ROCm/rocWMMA

Clarification on Using fp16/bf16/half as Compute Type

Closed this issue · 2 comments

Hello,

While reviewing your documentation, I came across the mention that when executing wmma, the compute type can be set to fp16/bf16/half, which are described as "native f32 accumulations downcasted to fp16/bf16/half". I'm curious to understand whether utilizing these lower precision types in compute (which is not enabled in CUDA) can lead to performance improvements. Additionally, could you guide me on how to set this compute type if it can help performance?

Thank you!

Hello @xinyi-li7 ,
Thanks for the question!

On some architectures, such as gfx9 - the multiply-accumulate for floating point types is always natively in fp32 format. This has a higher level of precision which is desirable in many cases to preserve accumulation accuracy. Setting the compute type in this case to half-precision is only an approximation, casting the native fp32 result back down to this size. This may afford some reduction in VREG usage, however at the cost of conversion between f32 and half-precision types which is not very desirable.

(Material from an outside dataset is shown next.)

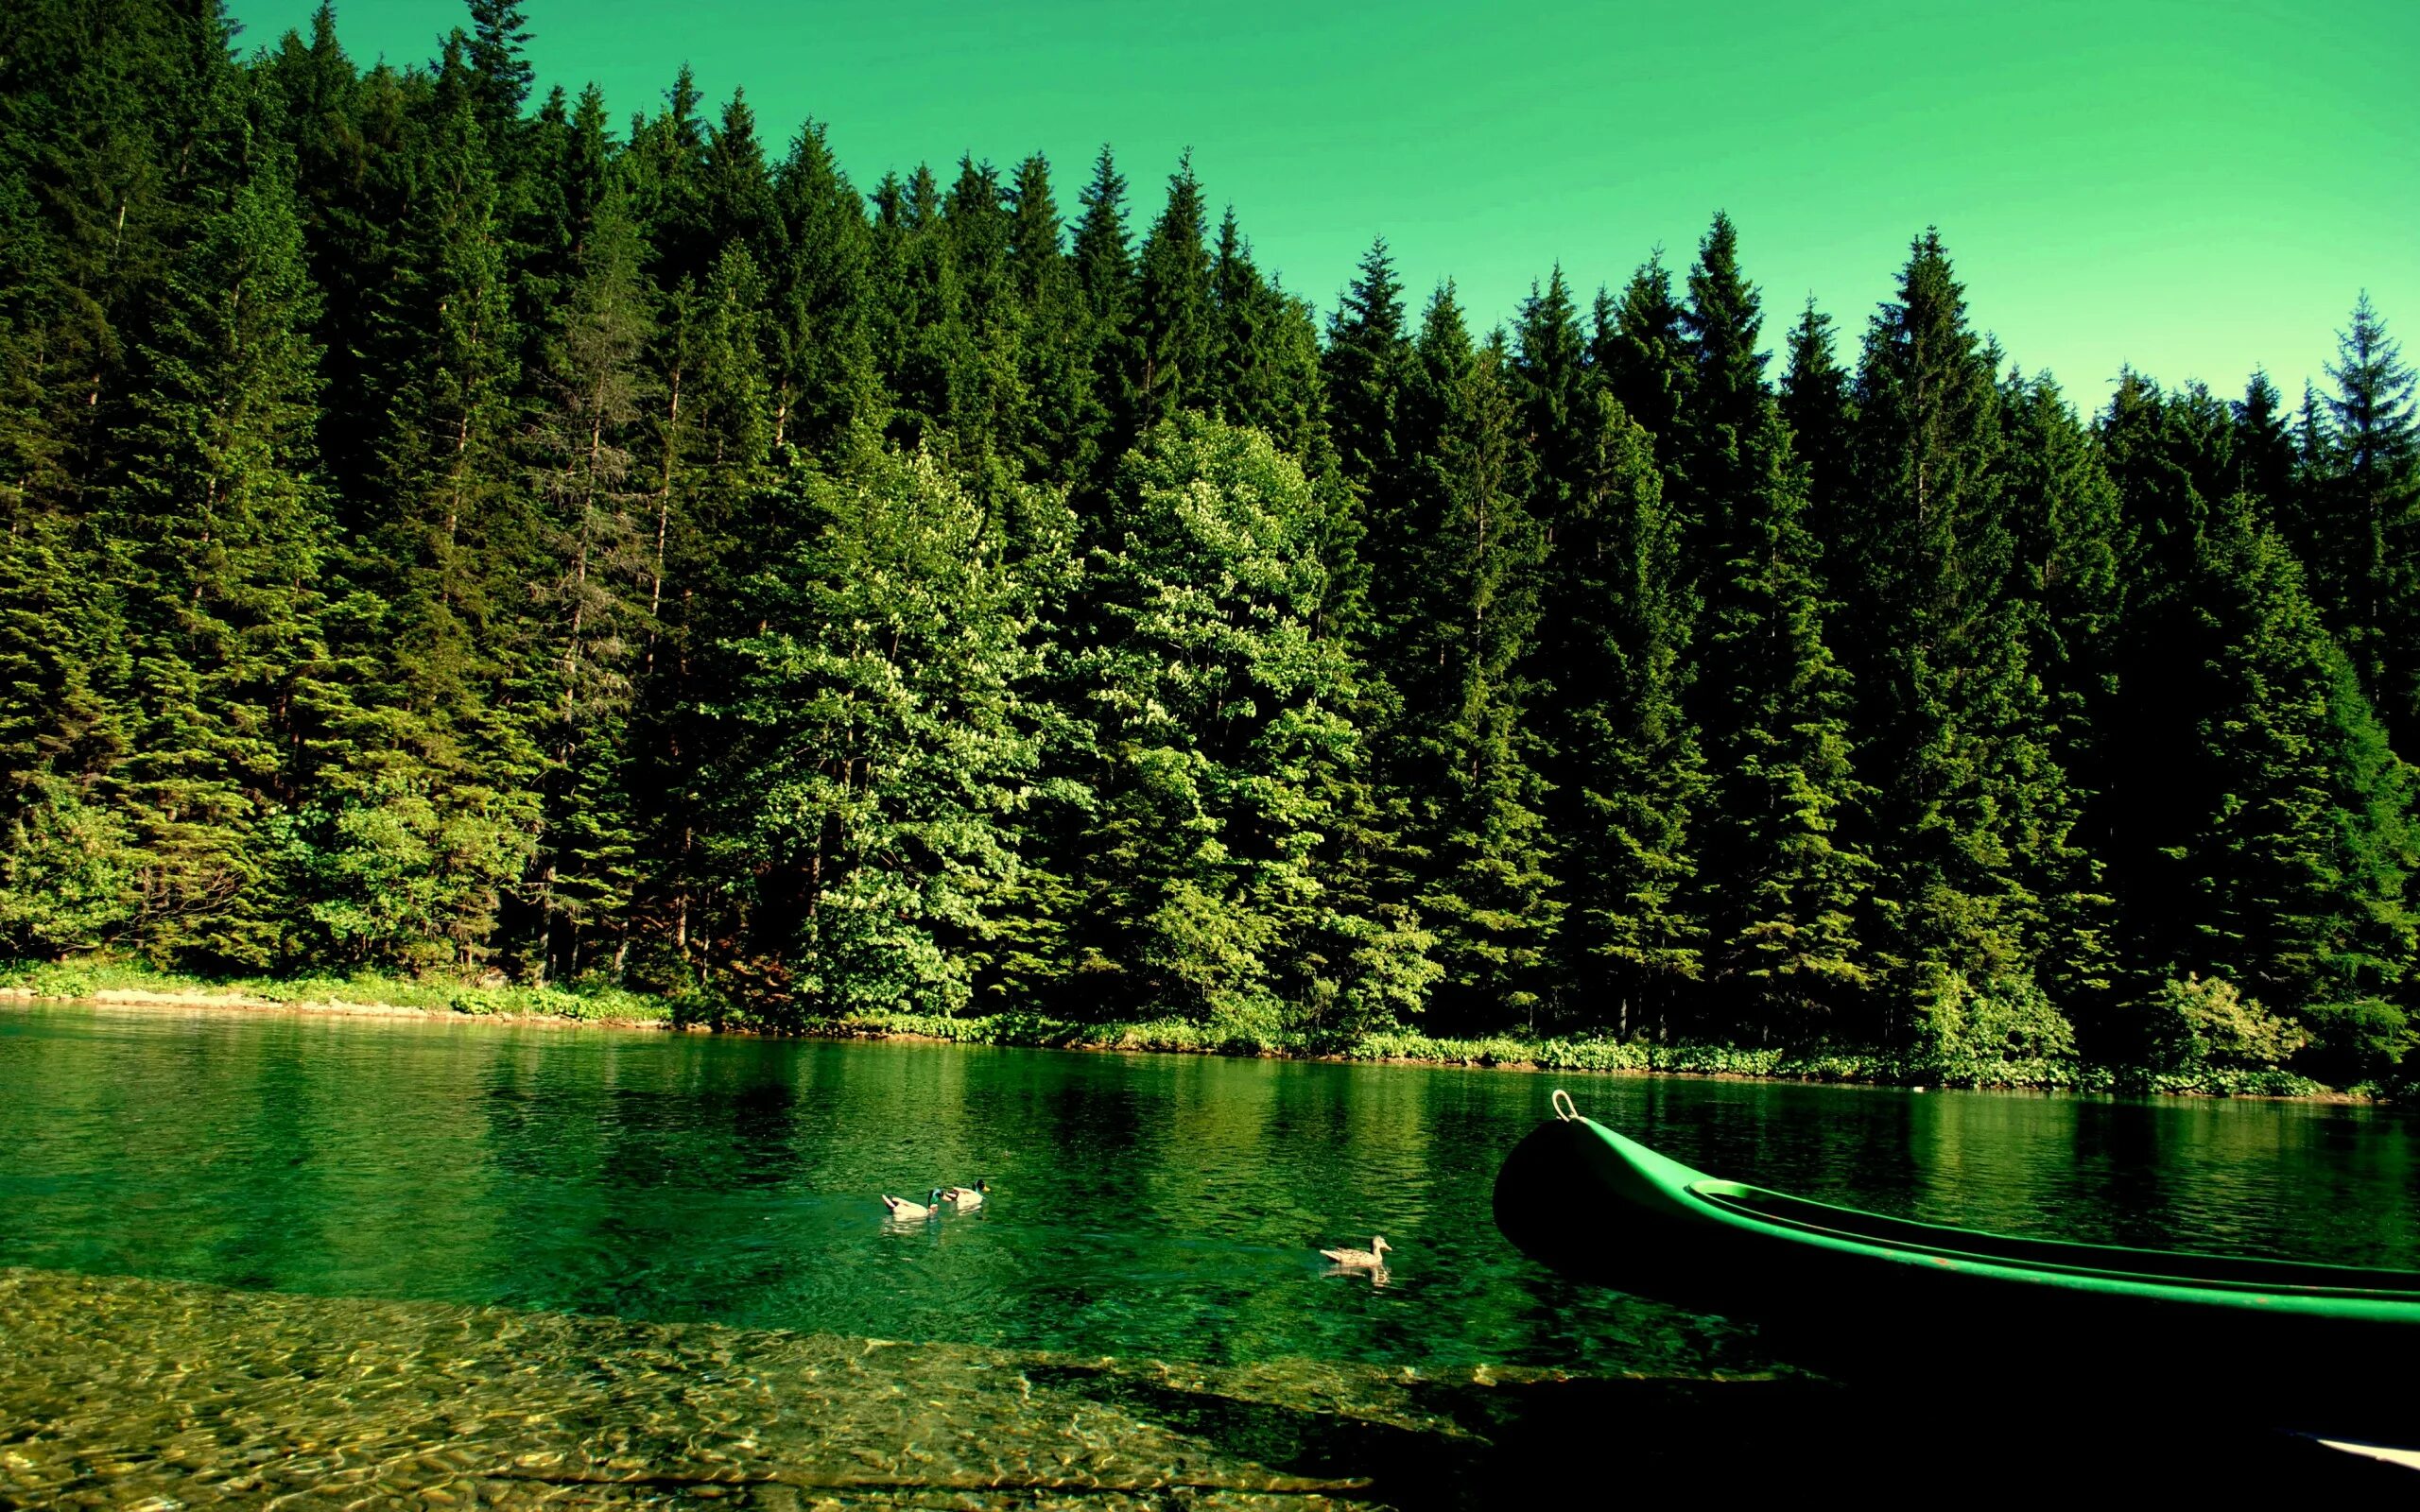 Картинки на заставку. Озеро Тургояк. Телецкое озеро. Природа лес. Озеро в лесу.

For gfx9 architectures the highest performance for fp16/bf16/half would be using compute type of f32 to avoid the overhead.

Gfx11 architectures on the other hand - the multiply-accumulate for fp16/bf16 natively supports BOTH fp32 and fp16/bf16. Here there is no extra conversion costs to use half-precision compute type. In this case there could be performance gains over fp32 compute type, at the cost of reduced precision which can introduce some tricky numerical issues. At the end of the day - if your data can handle lower precision accumulation, then this would be recommended.

The datatype of your accumulator fragments controls the compute type (see API)

Hope this helps!

Hi @cgmillette,
I see. So the output type of accumulator is essentially the compute type. I'm now using MI100 and MI250X so I guess there's no native lower precision supports. Thank you so much for your patient reply!